Inspired by persistent homology in topological data analysis, we introduce the homological eigenvalues of the graph $p$-Laplacian ${\mathrm{\Delta }}_p$, which allows us to analyze and classify non-variational eigenvalues. We show the stability of homological eigenvalues, and we prove that for any homological eigenvalue $\lambda ({\mathrm{\Delta }}_p)$, the function $p\mapsto p{(2\lambda ({\mathrm{\Delta }}_p))}^{\frac{1}{p}}$ is locally increasing, while the function $p\mapsto 2^{-p}\lambda ({\mathrm{\Delta }}_p)$ is locally decreasing. As a special class of homological eigenvalues, the min–max eigenvalues ${\lambda }_1({\mathrm{\Delta }}_p),\dots ,{\lambda }_k({\mathrm{\Delta }}_p),\dots ,$ are locally Lipschitz continuous with respect to $p\in [1,+\infty )$. We also establish the monotonicity of $p{(2{\lambda }_k({\mathrm{\Delta }}_p))}^{\frac{1}{p}}$ and $2^{-p}{\lambda }_k({\mathrm{\Delta }}_p)$ with respect to $p\in [1,+\infty )$.

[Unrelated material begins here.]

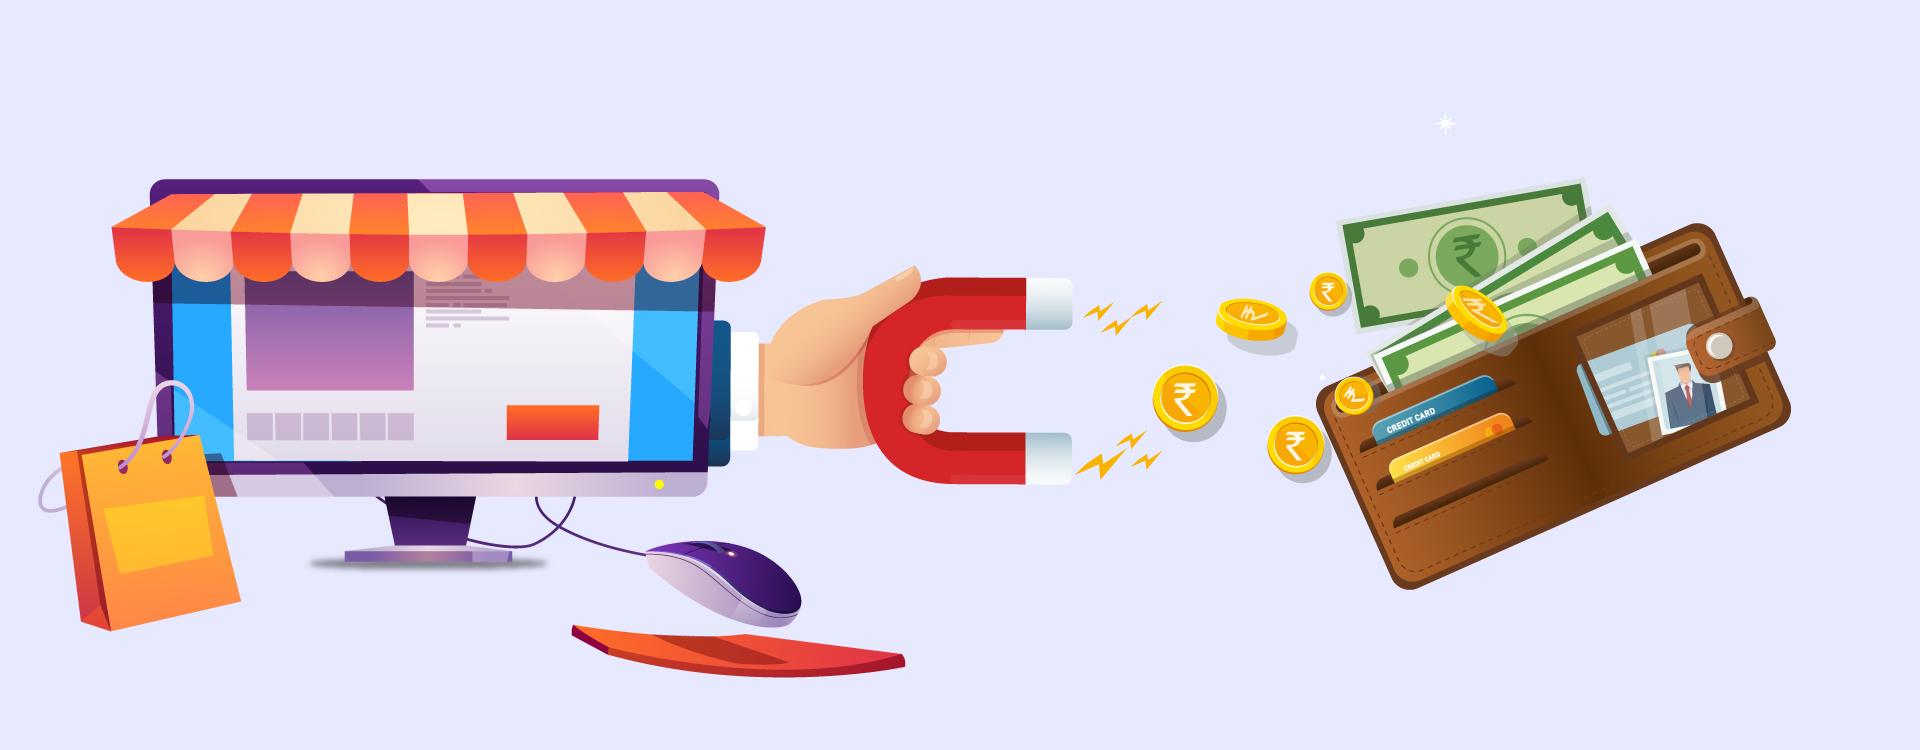 Investors find interest in funding D2C startups

These results systematically establish a refined analysis of ${\mathrm{\Delta }}_p$-eigenvalues for varying $p$, which lead to several applications, including: (1) settle an open problem by Amghibech on the monotonicity of some function involving eigenvalues of $p$-Laplacian with respect to $p$; (2) resolve a question asking whether the third eigenvalue of graph $p$-Laplacian is of min–max form; (3) refine the higher-order Cheeger inequalities for graph $p$-Laplacians by Tudisco and Hein, and extend the multi-way Cheeger inequality by Lee, Oveis Gharan and Trevisan to the $p$-Laplacian case.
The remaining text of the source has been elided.